*ASSIGNMENT*:
Return every line below as is, leaving out the pictures.

*GIVEN MATERIAL*:
↓
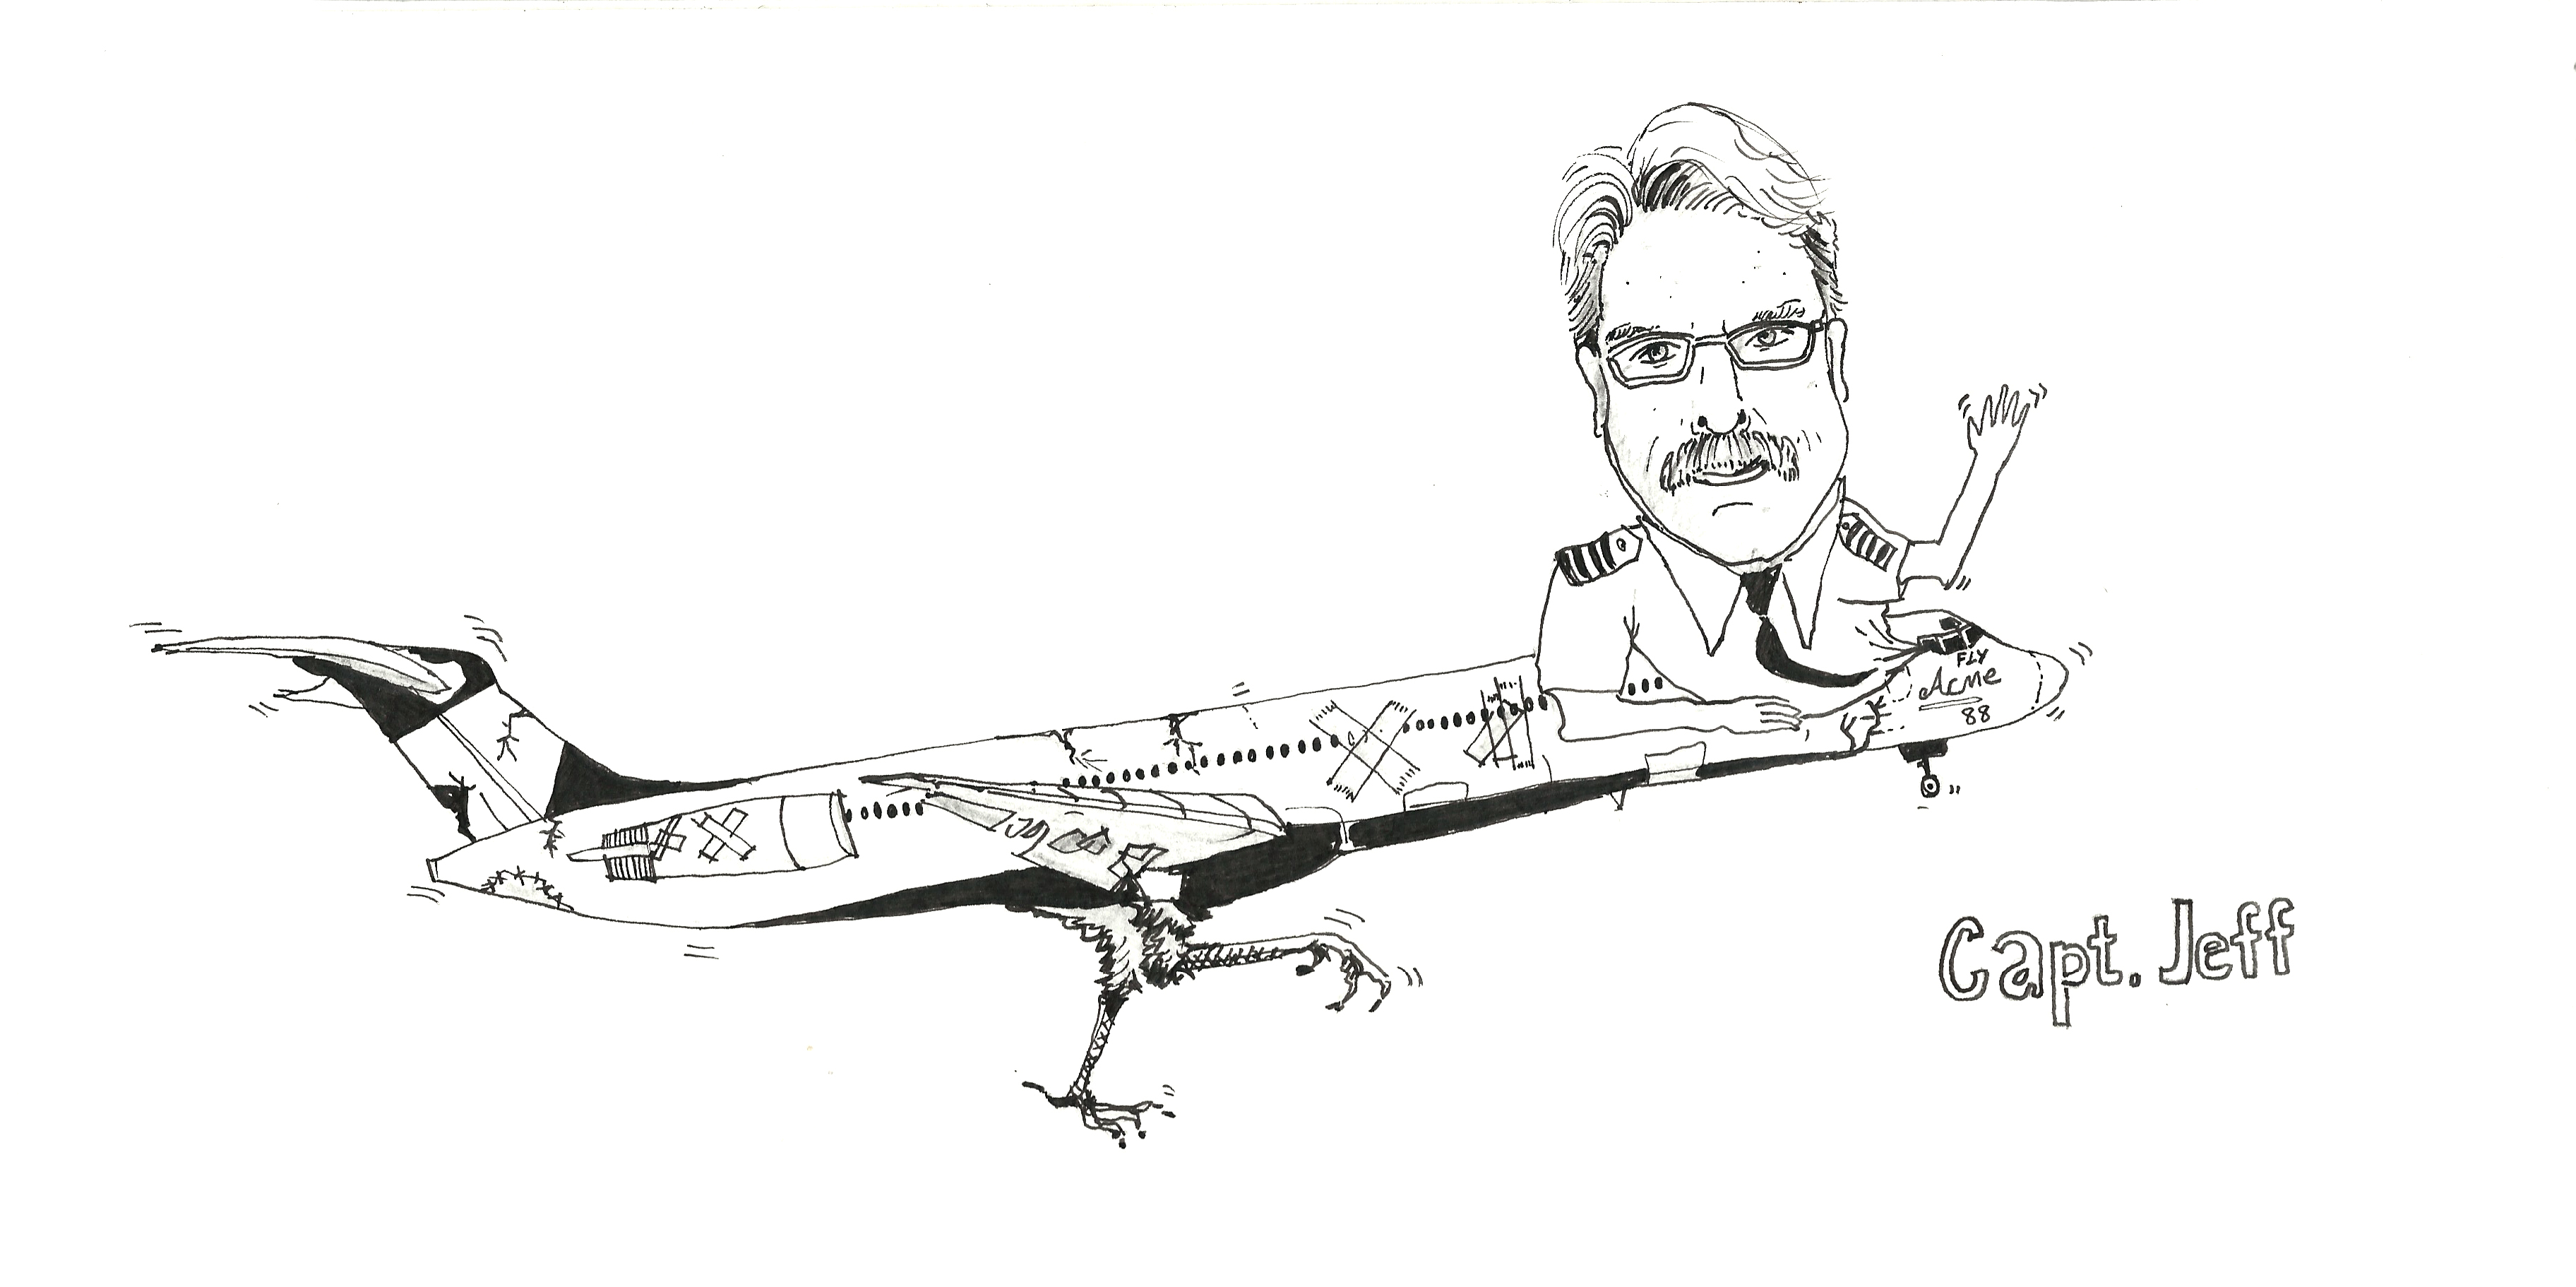 Apg 241 New Iraqi Airport Airline Pilot Guy
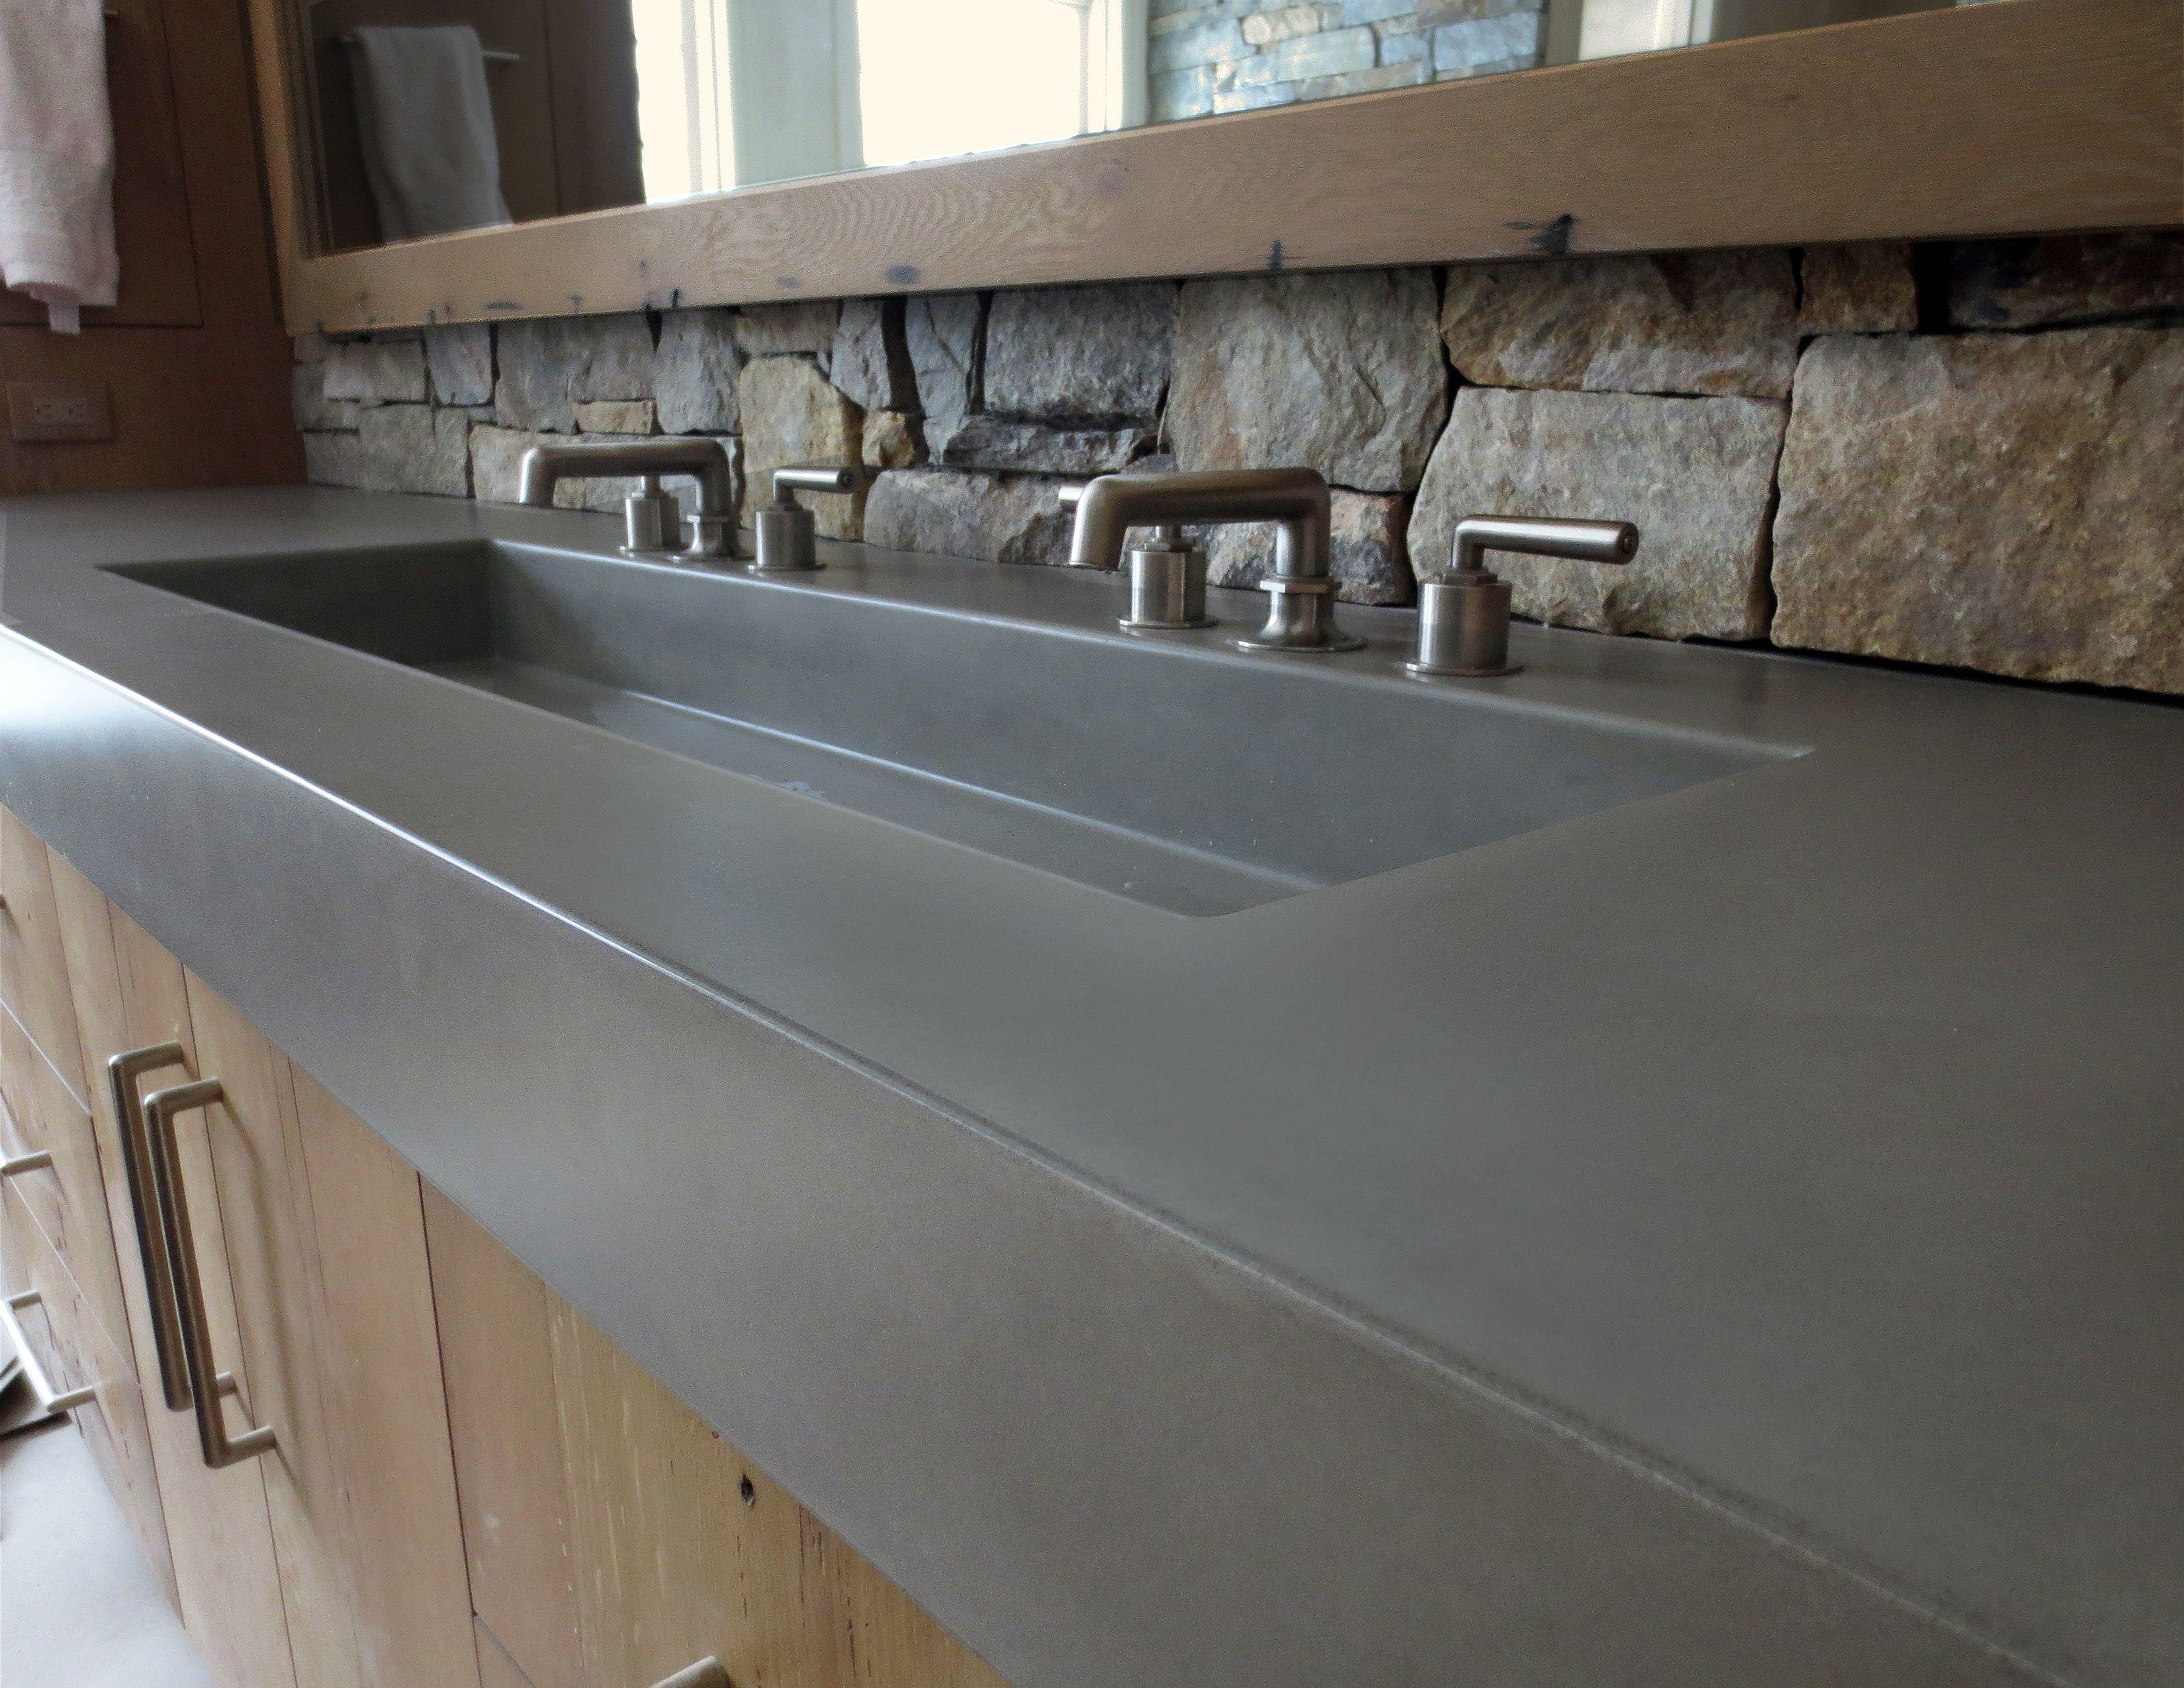 48 Rectangle Concrete Sink By Trueform Concrete Custom Concrete Vanity Top Concrete Bathroom Concrete Sink Bathrooms Remodel
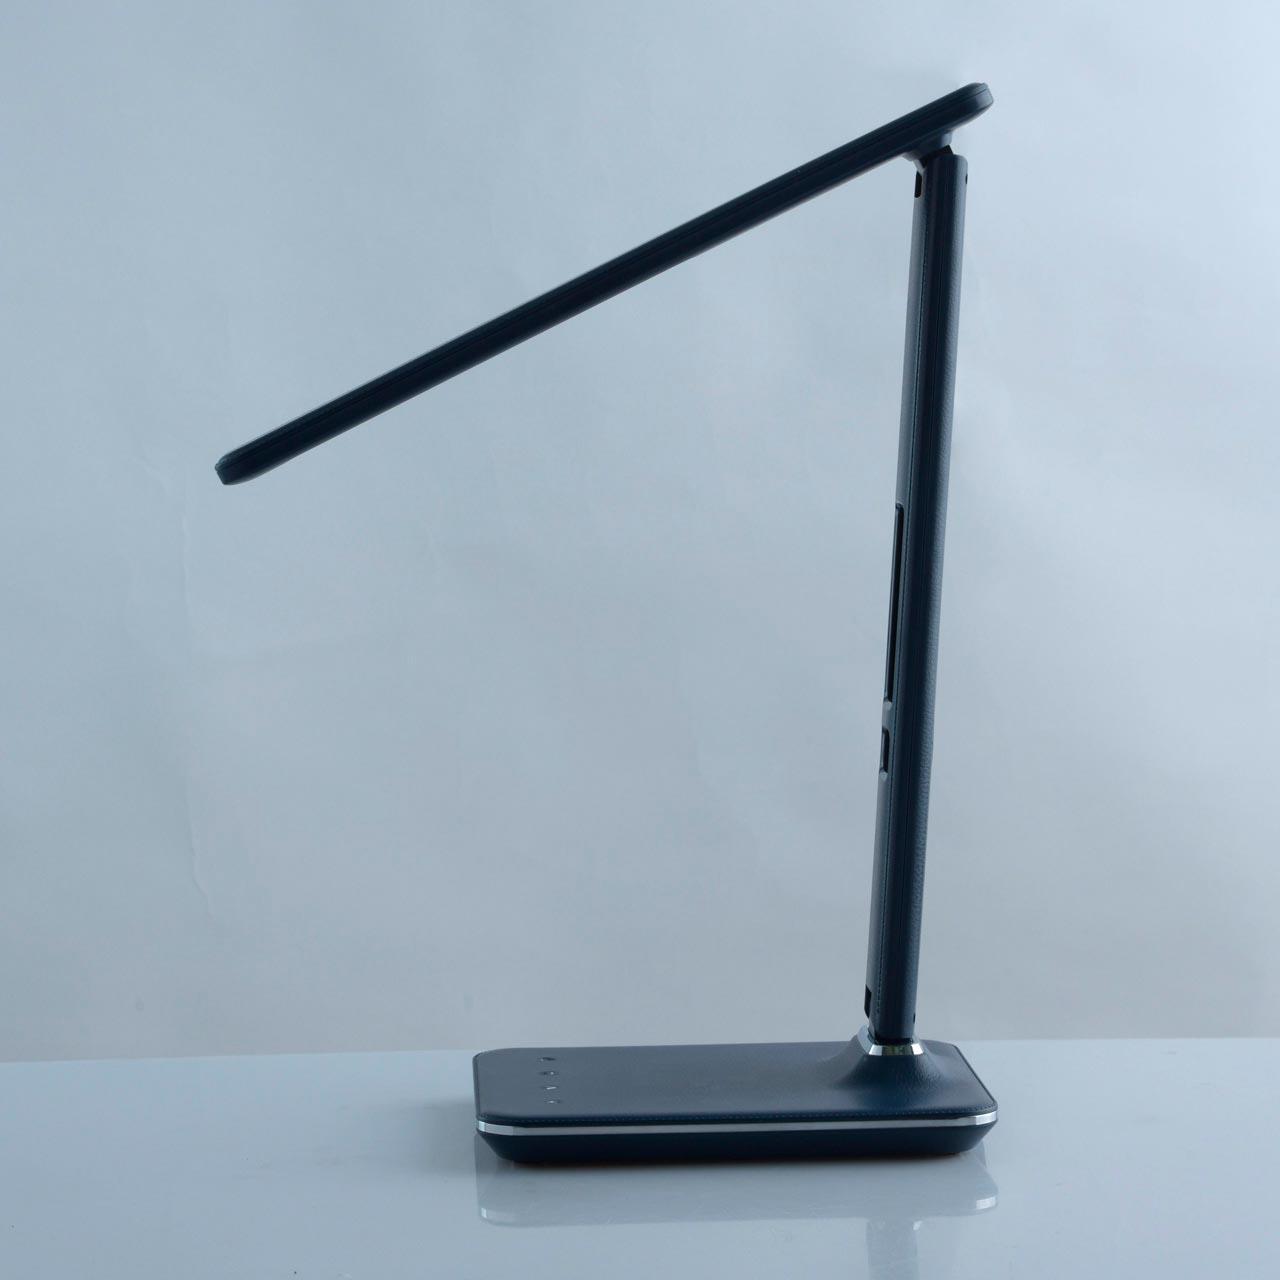 Настольная лампа DeMarkt(Ракурс) 631036401 - цена, купить ...
↑
*ANSWER TO THIS EXERCISE*:
 Apg 241 New Iraqi Airport Airline Pilot Guy
 48 Rectangle Concrete Sink By Trueform Concrete Custom Concrete Vanity Top Concrete Bathroom Concrete Sink Bathrooms Remodel
 Настольная лампа DeMarkt(Ракурс) 631036401 - цена, купить ...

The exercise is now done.